He had started lifting in high school, with a hundred-pound barbell set that had a booklet of exercises modeled by the movie actor Fred MacMurray, had kept on at Notre Dame. But these guys!
In fact, even the gawkers were interesting: faddists, beach bums, physical culturists, high school girls with condoms in their purses getting their jollies from all the exposed male flesh, queers doing the same: a fringe world by the Pacific.
One girl with her back to him stood out from the rest, a diamond among zircons, wearing a red knit dress like the girl in his dream. When she turned to say something to the sandy-haired man at her side, he realized she indeed was Penny Linden.
Forty minutes before, Gerald had said icily, “You just stay here and order me a martini,” and went out to get Penny’s coat. She had forgotten it in the car and had gone into the Anchor Room brazenly exposed in her red dress.
He never acted this way back in Iowa. A nice start to their romantic night at the beach! “A martini for my fiancé, and...” She felt rebellion within. “A... third rail.”
The bartender had scar-tissued eyes and a flattened nose and wore a starched red knee-length apron.
“When I was fightin’ I always trained on good beefsteak an’ tomatoes. Lotsa protein, that’s what it takes.” He set the drinks in front of her, put a foot on the beer cooler, leaned forward confidentially. “Thirty-five fights, light-heavy like Billy Conn. I even got the same first name, but between you an’ me, I like tendin’ bar a hell of a lot better.”
“I bet you were a very good fighter, Billy,” Penny said.
“ Billy? I leave you alone for five minutes and you know the bartender’s first name?”
Thinking he was joking, she said, “Oh, hi, honey. Billy was just telling me what it takes to be a prizefighter.”
“Years and years of no schooling.”
“Gerald!” she exclaimed, astonished. “What a terrible—”
“And you’ve had too much to drink.”
He grabbed the glass from Penny’s hand to slam it down on the bar.

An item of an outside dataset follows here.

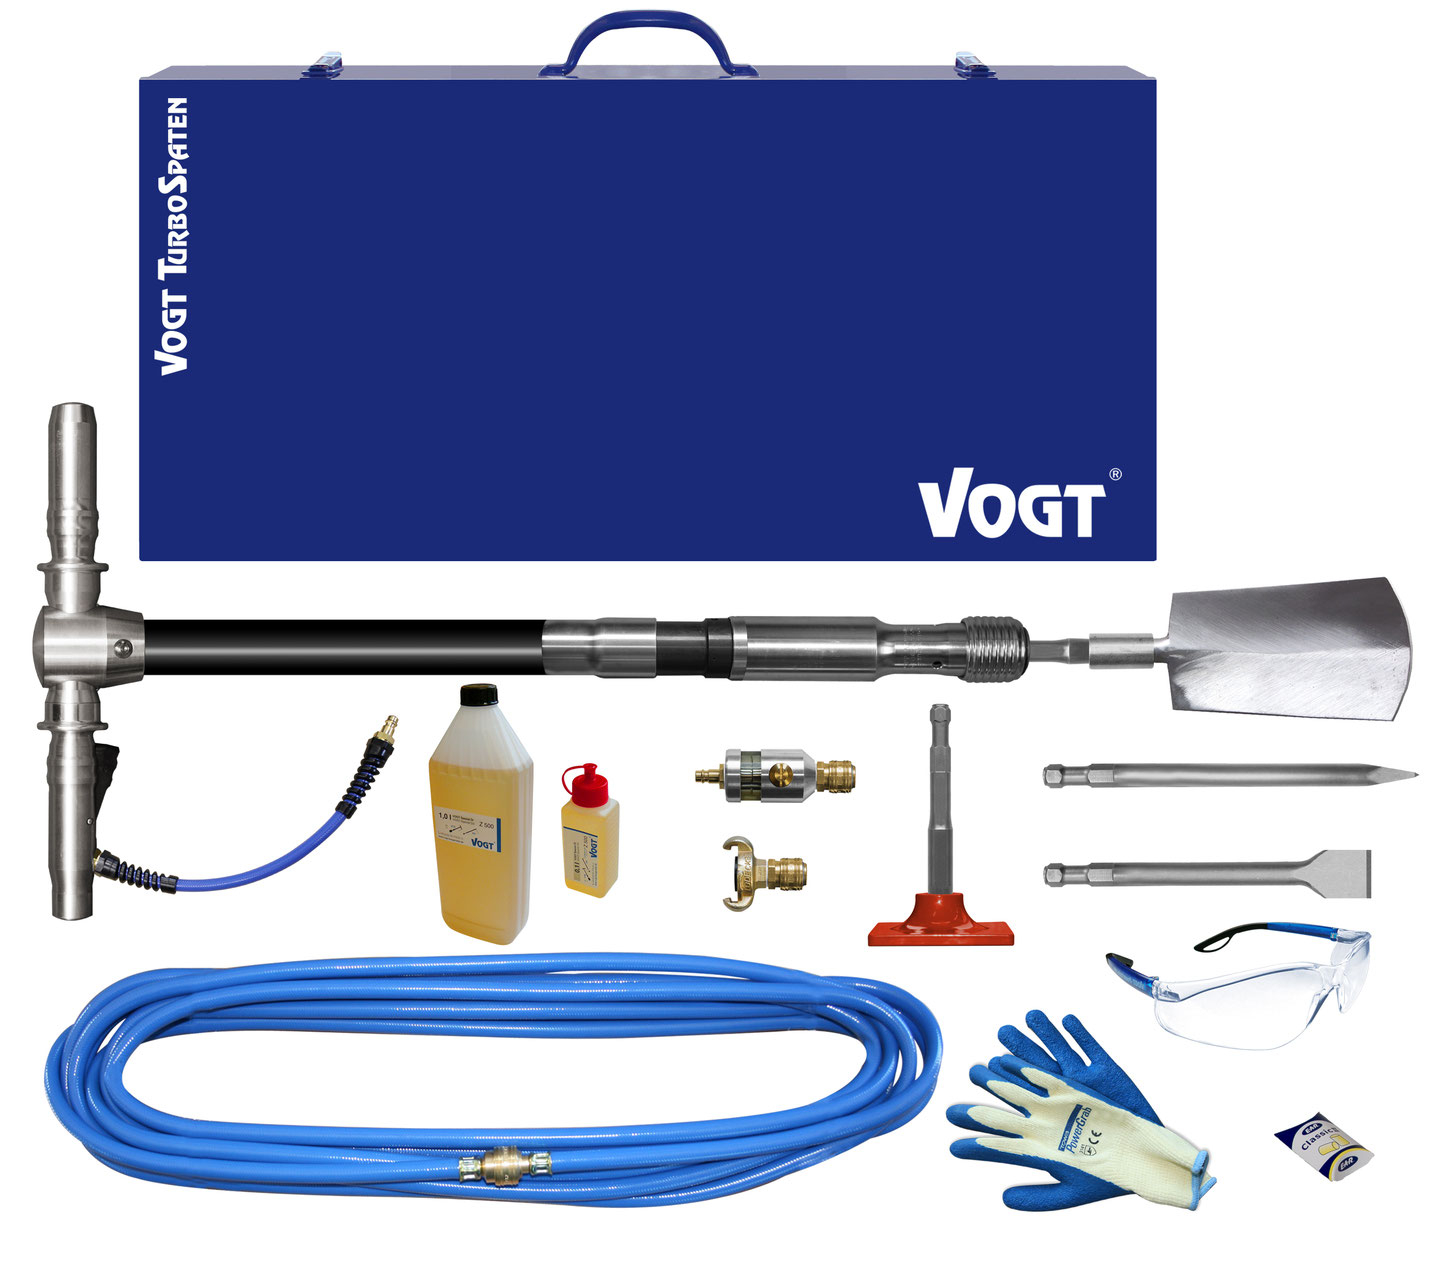 VOGT TurboSpaten Gerätesets - Umfangreiche Werkzeugausstattung für Innen-, Außenputz und Wandfliesen

Penny grabbed it back up and drained it and waved it.
“I’ll have another one of these, Billy.”
She’d had a third, in fact, before Gerald finally got her out of there to “walk it off.” The third rails had bombed her.
“I’m sorry, honey,” she said in a little voice she hoped wasn’t slurred. “Let’s not let it ruin our last night together.” On a wooden platform twenty yards from the walk, three gargantuan lifters were taking turns doing three-hundred-pound repetition squats. “Let’s go watch those huge men lift those huge weights.”
Dunc didn’t like the boyfriend’s looks, his clothes, his build, anything about him. Especially his prim little mouth. When they moved back to the boardwalk from the lifting platform, Dunc tagged along behind. Muscle Beach was a rough place.
A teenage boy leaned against the edge of one of the stalls and blew into an empty beer bottle to make hollow whistling tones. Another, slightly older, wearing only swim trunks, was behind the counter tapping two Coke bottles together and moving his lean tanned body to the beat. A third squatted on an empty pop case playing the spoons back-to-back.
An older guy in his late twenties was crouched on a three-legged stool in front of the stand, pounding with an almost sexual fervor on the bottom of a five-gallon ice cream container. He wore Levi’s, hack boots, a crushed cycle cap, sunglasses, and a two-day growth of beard. The sleeves of his black leather jacket barely contained his massive biceps. Big guy.
He brought a bottle of dago red out from under his jacket. A silver skull ring glinted on the ring finger of his left hand.
“Hey, man, anybody got any more of this Sneaky Pete?”
The crowd parted for a pimply teenager wearing khakis and a white sweatshirt with a ketchup stain down the front of it.
“I got money, Johnny!” he said proudly.
“Hey hey hey! Double Bubble, run and get me my bongos.”
An overweight blond girl trotted off, her enormous breasts jouncing with each stride. Johnny winked at the crowd as he beat suggestively on his ice cream container. Reluctantly Dunc drifted away. After all, Penny was betrothed, not his to save.
“Isn’t it exciting, honey? These kids with no money, no jobs, no security, but with all that music inside. They’re—”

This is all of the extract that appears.